Periodic Reporting for period 2 - POSTURE (Posture and bodily movements in the Bible and biblical religions)
Período documentado: 2024-08-01 hasta 2025-07-31
POSTURE intersects two scientific fields, i.e. the semantics of Biblical Hebrew/Aramaic (BH/BA) and the anthropology of the biblical world and related contexts. From a linguistic point of view, verbs of posture and motion show several interesting idiomatic and metaphorical usages, being used to express also abstract concepts and grammatical aspects. From a socio-anthropological point of view, posture and body language can express real or assumed power relationships and hierarchies. They can serve as “externalizers” of status, gender, age, and physical weakness. Self-positioning and patterns of movement serve to establish, express, and maintain group identity. Moving towards a person is also a special kind of social act, indicating the desire to interact or to obtain something (e.g. information, protection, friendship, help), while maintaining a distance may indicate hostility, self-protection, respect, or dominance over others. Specific body movements are associated with honourable behaviour toward an elder or an authority, whereas intentional transgressions of official etiquette are sign of open contrast and provocation.

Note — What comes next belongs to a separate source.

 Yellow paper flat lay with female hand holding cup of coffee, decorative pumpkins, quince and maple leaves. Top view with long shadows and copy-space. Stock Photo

The combination of semantic and anthropological investigations represents the innovation of POSTURE: exploring the semantics of posture and motion verbs in the Hebrew Bible from the social, anthropological and interactional perspectives will allow to rethink the idea of body in this context. Furthermore, the study of the reception of biblical “postures” in different cultural products (translations and exegetical traditions) will shed light on historical and intercultural processes in Antiquity and Late Antiquity.
During the return phase, the scope broadened to interlinguistic comparison with Greek and Aramaic translations, as well as to reception in Jewish and Christian traditions. A corpus of nearly 1,800 occurrences of posture verbs was collected and analyzed, offering a comprehensive picture of their static and dynamic uses.

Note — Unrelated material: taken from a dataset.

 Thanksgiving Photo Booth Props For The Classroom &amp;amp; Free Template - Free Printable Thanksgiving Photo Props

A central achievement was the organization of the international conference Motion and Posture in the Bible (Rome, May 2024), the first multi-day international conference I curated independently. It extended the methodology of POSTURE to additional verbs, gestures, and languages (Akkadian, Aramaic, Greek, Latin, Syriac, Coptic). I am editing the conference proceedings, which will include two of my contributions and an introduction.
Publications produced during the fellowship include two articles forthcoming in the proceedings volume and one accepted in a peer-reviewed, A-ranked journal. In addition, the results were presented at the Summer School in Languages of the Christian East (Rome, July 2025) and will be discussed at the study day Cognitive Linguistic Approaches to Biblical Hebrew (Amsterdam, November 2025).
To date, we only know these verbs from lexicographical entries in dictionaries. Some studies deal with the polysemy of some of them but limit themselves to describing the meanings they convey in different contexts of use. However, a general theory of such verbs in Hebrew is still lacking.
POSTURE advanced the field in several ways:
- First systematic semantic study of Hebrew posture verbs, integrating aspect and syntax.
- Three-dimensional model of posture/motion semantics, linking static and dynamic phases.
- Connection between linguistic findings and anthropology, showing how body language expressed identity, hierarchy, and social interaction.
- Analysis of the transmission of bodily conceptions across languages and traditions.
- New scholarly resources, while also fostering wider cultural interest in the critical study of the Bible.